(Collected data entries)
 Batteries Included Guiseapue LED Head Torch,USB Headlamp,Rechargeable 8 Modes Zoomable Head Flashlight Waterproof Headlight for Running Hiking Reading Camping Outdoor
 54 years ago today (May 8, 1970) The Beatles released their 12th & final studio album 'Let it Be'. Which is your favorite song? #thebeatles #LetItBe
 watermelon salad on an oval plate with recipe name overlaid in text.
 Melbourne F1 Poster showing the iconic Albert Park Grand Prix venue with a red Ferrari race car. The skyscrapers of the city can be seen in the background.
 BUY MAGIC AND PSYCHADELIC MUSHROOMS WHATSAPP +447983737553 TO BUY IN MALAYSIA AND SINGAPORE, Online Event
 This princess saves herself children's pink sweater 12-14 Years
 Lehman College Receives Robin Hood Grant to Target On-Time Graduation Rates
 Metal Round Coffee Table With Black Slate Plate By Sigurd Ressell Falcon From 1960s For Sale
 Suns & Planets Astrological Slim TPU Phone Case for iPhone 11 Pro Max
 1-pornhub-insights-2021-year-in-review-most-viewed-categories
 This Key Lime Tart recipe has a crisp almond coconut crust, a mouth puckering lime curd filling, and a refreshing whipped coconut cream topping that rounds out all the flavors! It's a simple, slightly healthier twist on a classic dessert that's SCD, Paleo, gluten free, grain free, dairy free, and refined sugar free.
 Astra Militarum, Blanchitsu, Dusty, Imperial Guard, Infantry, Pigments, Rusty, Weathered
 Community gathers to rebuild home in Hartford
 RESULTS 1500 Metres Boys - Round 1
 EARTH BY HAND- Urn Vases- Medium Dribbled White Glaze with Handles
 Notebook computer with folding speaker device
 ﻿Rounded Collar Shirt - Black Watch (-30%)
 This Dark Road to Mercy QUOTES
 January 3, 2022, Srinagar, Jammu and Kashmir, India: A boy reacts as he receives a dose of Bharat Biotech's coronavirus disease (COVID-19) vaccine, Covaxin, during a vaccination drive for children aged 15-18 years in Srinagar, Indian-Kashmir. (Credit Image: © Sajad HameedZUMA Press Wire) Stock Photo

WORK TASK> Each record must appear again, word for word.

WRITTEN ANSWER>
 Batteries Included Guiseapue LED Head Torch,USB Headlamp,Rechargeable 8 Modes Zoomable Head Flashlight Waterproof Headlight for Running Hiking Reading Camping Outdoor
 54 years ago today (May 8, 1970) The Beatles released their 12th & final studio album 'Let it Be'. Which is your favorite song? #thebeatles #LetItBe
 watermelon salad on an oval plate with recipe name overlaid in text.
 Melbourne F1 Poster showing the iconic Albert Park Grand Prix venue with a red Ferrari race car. The skyscrapers of the city can be seen in the background.
 BUY MAGIC AND PSYCHADELIC MUSHROOMS WHATSAPP +447983737553 TO BUY IN MALAYSIA AND SINGAPORE, Online Event
 This princess saves herself children's pink sweater 12-14 Years
 Lehman College Receives Robin Hood Grant to Target On-Time Graduation Rates
 Metal Round Coffee Table With Black Slate Plate By Sigurd Ressell Falcon From 1960s For Sale
 Suns & Planets Astrological Slim TPU Phone Case for iPhone 11 Pro Max
 1-pornhub-insights-2021-year-in-review-most-viewed-categories
 This Key Lime Tart recipe has a crisp almond coconut crust, a mouth puckering lime curd filling, and a refreshing whipped coconut cream topping that rounds out all the flavors! It's a simple, slightly healthier twist on a classic dessert that's SCD, Paleo, gluten free, grain free, dairy free, and refined sugar free.
 Astra Militarum, Blanchitsu, Dusty, Imperial Guard, Infantry, Pigments, Rusty, Weathered
 Community gathers to rebuild home in Hartford
 RESULTS 1500 Metres Boys - Round 1
 EARTH BY HAND- Urn Vases- Medium Dribbled White Glaze with Handles
 Notebook computer with folding speaker device
 ﻿Rounded Collar Shirt - Black Watch (-30%)
 This Dark Road to Mercy QUOTES
 January 3, 2022, Srinagar, Jammu and Kashmir, India: A boy reacts as he receives a dose of Bharat Biotech's coronavirus disease (COVID-19) vaccine, Covaxin, during a vaccination drive for children aged 15-18 years in Srinagar, Indian-Kashmir. (Credit Image: © Sajad HameedZUMA Press Wire) Stock Photo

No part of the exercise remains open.